*Exercise*.
Starting with the line that contains "Metro I etapa - trasa 2C 1-3" and ending with the final line of the data below, print those lines exactly and nothing else.

+ + + +

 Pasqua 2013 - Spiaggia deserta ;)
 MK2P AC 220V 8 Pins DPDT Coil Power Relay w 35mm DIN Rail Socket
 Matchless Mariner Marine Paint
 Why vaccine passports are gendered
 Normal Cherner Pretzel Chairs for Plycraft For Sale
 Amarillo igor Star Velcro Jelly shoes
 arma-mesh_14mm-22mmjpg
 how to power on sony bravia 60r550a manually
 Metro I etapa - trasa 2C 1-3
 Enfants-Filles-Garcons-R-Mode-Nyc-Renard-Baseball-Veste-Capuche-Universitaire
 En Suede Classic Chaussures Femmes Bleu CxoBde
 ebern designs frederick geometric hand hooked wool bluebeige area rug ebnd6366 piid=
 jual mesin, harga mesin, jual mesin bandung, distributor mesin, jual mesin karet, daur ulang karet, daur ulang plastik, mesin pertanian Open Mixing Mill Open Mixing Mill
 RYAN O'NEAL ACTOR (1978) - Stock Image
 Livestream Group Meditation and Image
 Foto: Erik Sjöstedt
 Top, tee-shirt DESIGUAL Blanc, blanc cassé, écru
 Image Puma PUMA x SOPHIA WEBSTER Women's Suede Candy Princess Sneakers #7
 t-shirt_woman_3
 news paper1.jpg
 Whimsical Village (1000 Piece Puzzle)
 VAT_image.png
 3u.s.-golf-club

+ + + +

*Task response*.
 Metro I etapa - trasa 2C 1-3
 Enfants-Filles-Garcons-R-Mode-Nyc-Renard-Baseball-Veste-Capuche-Universitaire
 En Suede Classic Chaussures Femmes Bleu CxoBde
 ebern designs frederick geometric hand hooked wool bluebeige area rug ebnd6366 piid=
 jual mesin, harga mesin, jual mesin bandung, distributor mesin, jual mesin karet, daur ulang karet, daur ulang plastik, mesin pertanian Open Mixing Mill Open Mixing Mill
 RYAN O'NEAL ACTOR (1978) - Stock Image
 Livestream Group Meditation and Image
 Foto: Erik Sjöstedt
 Top, tee-shirt DESIGUAL Blanc, blanc cassé, écru
 Image Puma PUMA x SOPHIA WEBSTER Women's Suede Candy Princess Sneakers #7
 t-shirt_woman_3
 news paper1.jpg
 Whimsical Village (1000 Piece Puzzle)
 VAT_image.png
 3u.s.-golf-club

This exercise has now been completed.